What is being asked: The answer is all of the data repeated exactly, with each picture omitted.

Data shown:
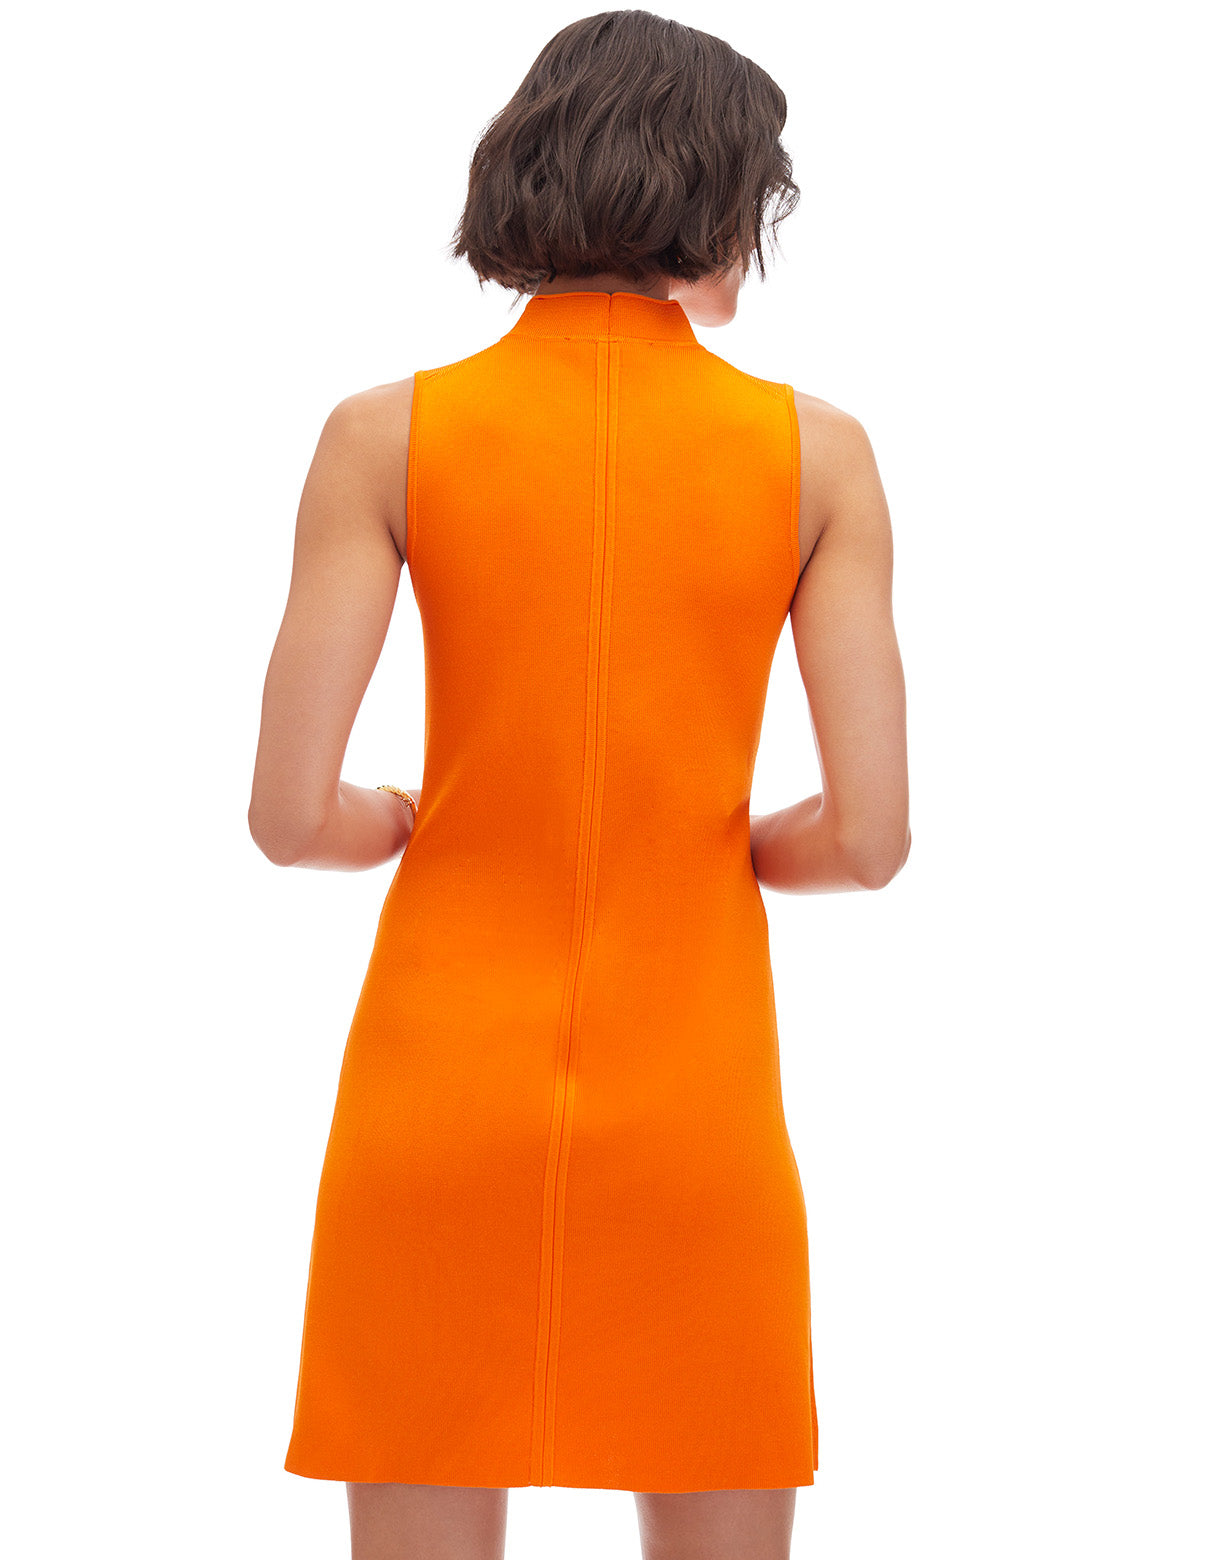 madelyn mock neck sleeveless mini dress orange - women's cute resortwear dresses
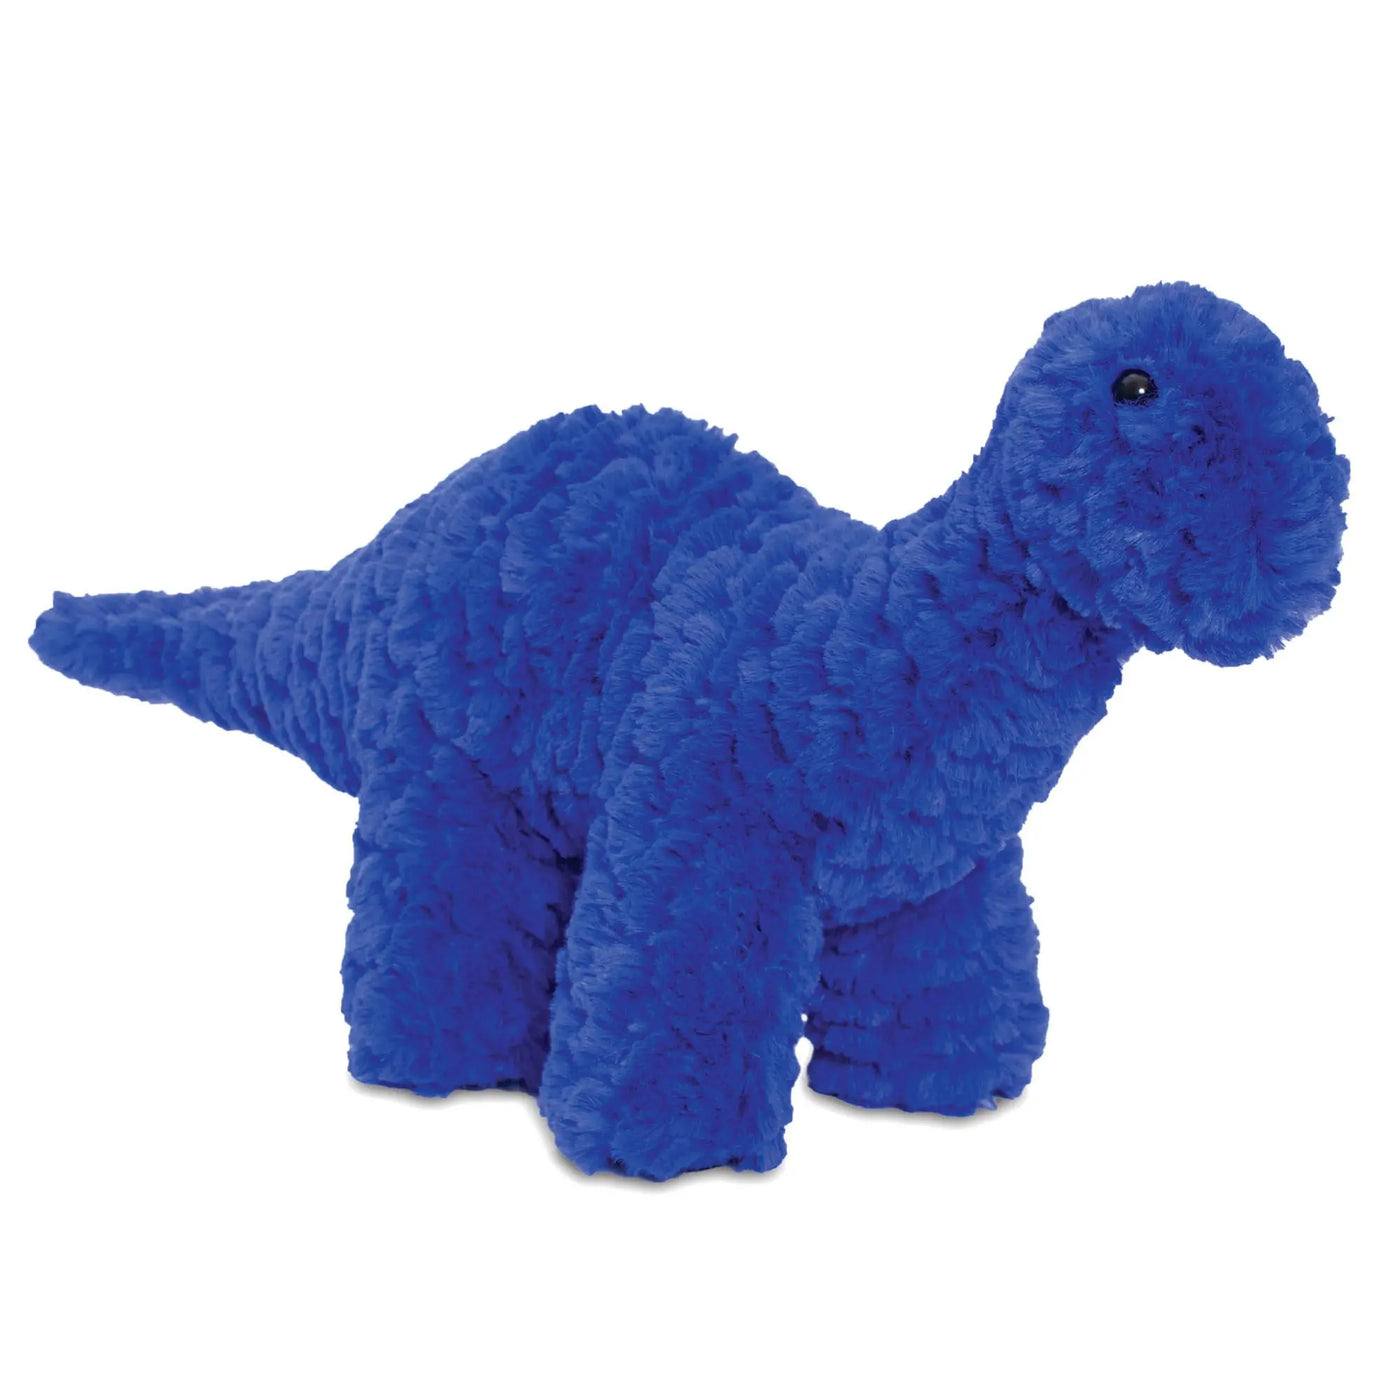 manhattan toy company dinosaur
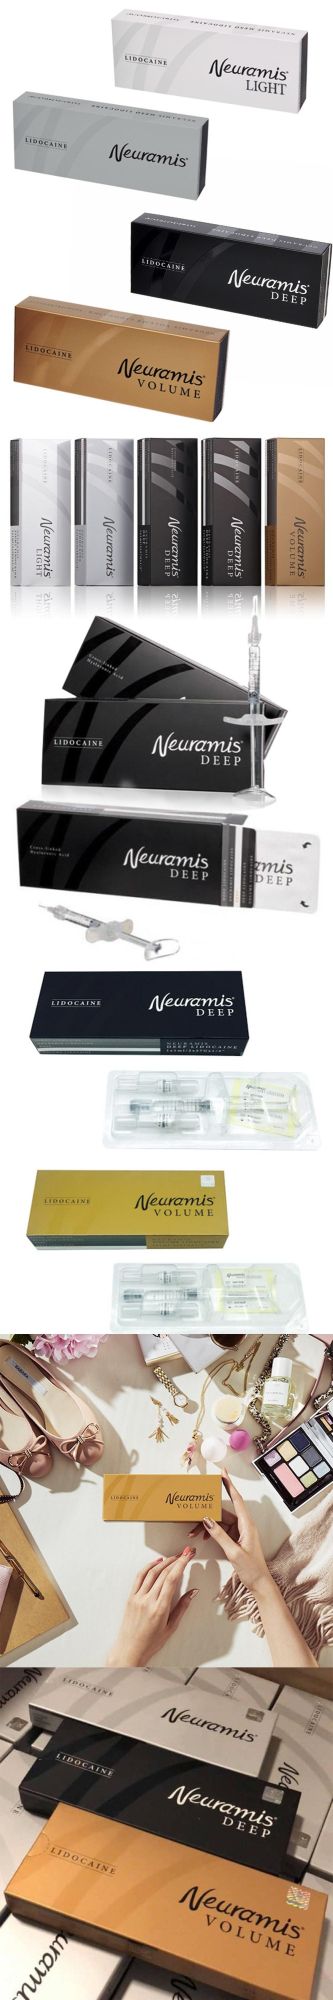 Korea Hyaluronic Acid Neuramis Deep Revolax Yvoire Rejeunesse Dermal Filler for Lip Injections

Finished exercise:
 madelyn mock neck sleeveless mini dress orange - women's cute resortwear dresses
 manhattan toy company dinosaur
 Korea Hyaluronic Acid Neuramis Deep Revolax Yvoire Rejeunesse Dermal Filler for Lip Injections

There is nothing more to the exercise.